Accounting kaiako Dr Waala Ghazy has gone from lecturing to an audience of 700 students at a time in her home country of Egypt to knowing all her students by name in her accounting classes at WITT Te Pūkenga.
With average class sizes of 25 she is able to connect with each student and says: “The opportunity to engage one-to-one is more rewarding than lecturing to an audience in the hundreds.”
After 20 years of teaching, Waala also enjoys the applied focus that polytechnic programmes have when comparing university lecturing to her current role.
“We look at the wider skills a student needs to complement the theoretical skills they are learning to best prepare each person to enter the workforce,” she says.

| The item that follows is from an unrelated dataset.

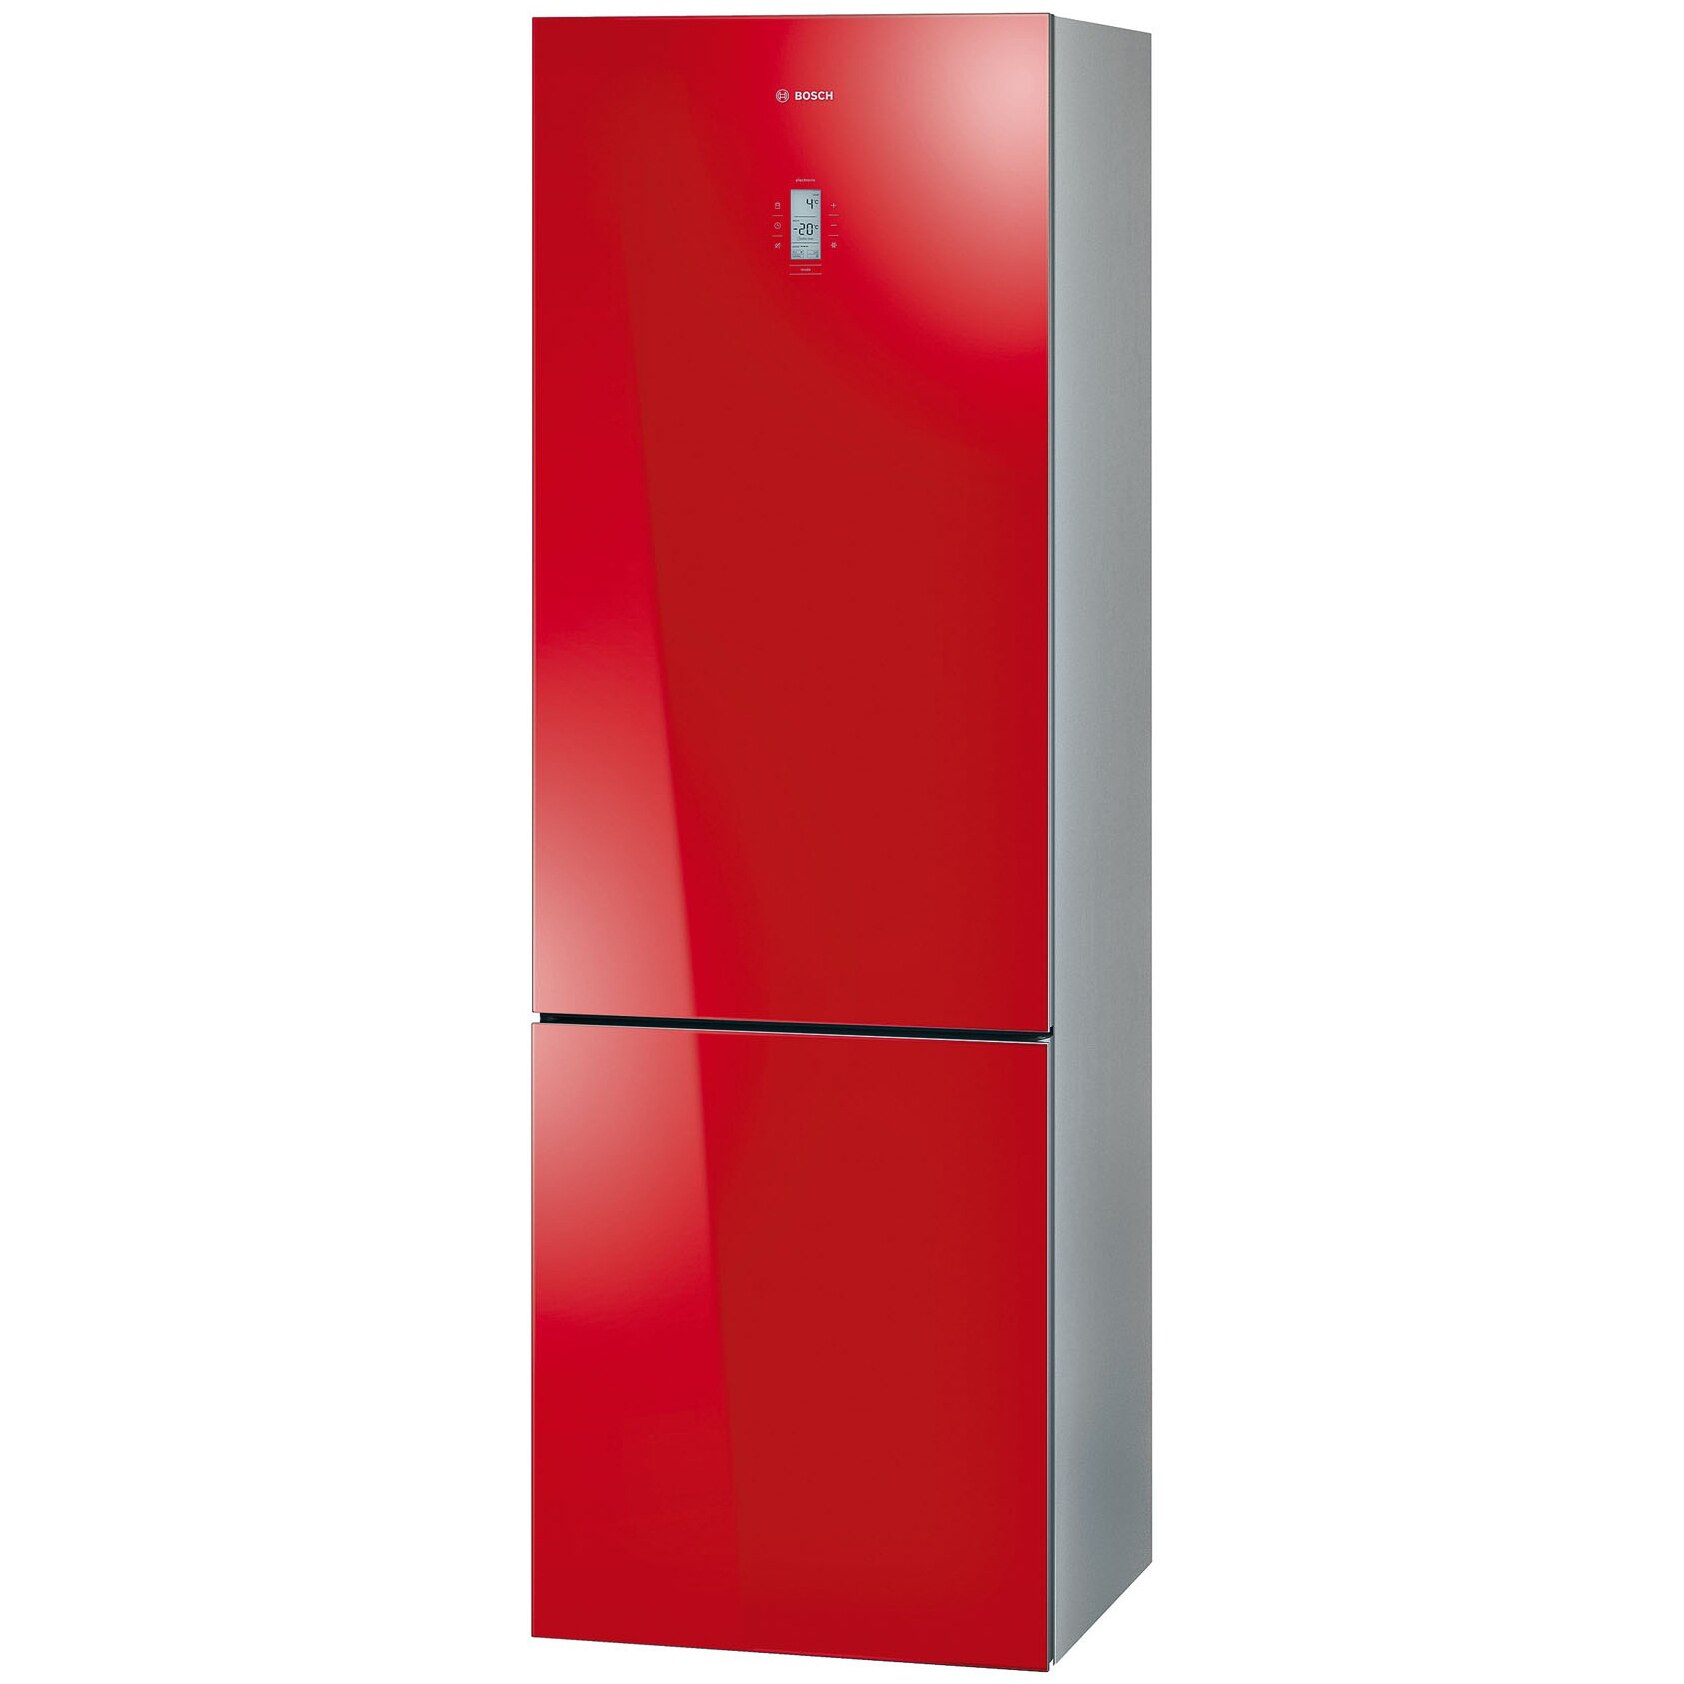 Хладилник Bosch KGN36SR31 с обем от 285 л.

With experience as an international student, Waala’s journey from student to paid employment is very relatable and she’s often seen as a role model by international students. She says she gets them to focus on what they have to offer, instead of fixating on what they don’t have.
“International students are always look at their language skills as an issue and that can stop them from reaching their goals. Many lack self-confidence comparing themselves to native English speakers.”
She tells them they can’t claim English as their first language and it is ok to have issues with grammar and vocab, but it is something you can work on and improve and not to use language issues as a barrier.
The Bachelor of Accounting is one of the first unified programmes offered at Te Pūkenga and has given Waala an opportunity to participate in the design of the new degree, as well as enjoy the camaraderie of working with other accounting tutors.
“Coming from a large university I am used to having lots of teaching colleagues all doing similar things.”
She says it is great to now be teaching and delivering the programme she helped create.
“Last year I taught courses developed by others and with the new degree I have the opportunity to update my teaching material to both support the new curriculum and suit my style,” she says.
Waala and her husband and two teenage children moved to New Zealand in 2018 for Waala to complete her PhD in Accounting at AUT in Auckland. She says New Zealand is more beautiful than she imagined - she had assumed the countryside was going to be like a mini England.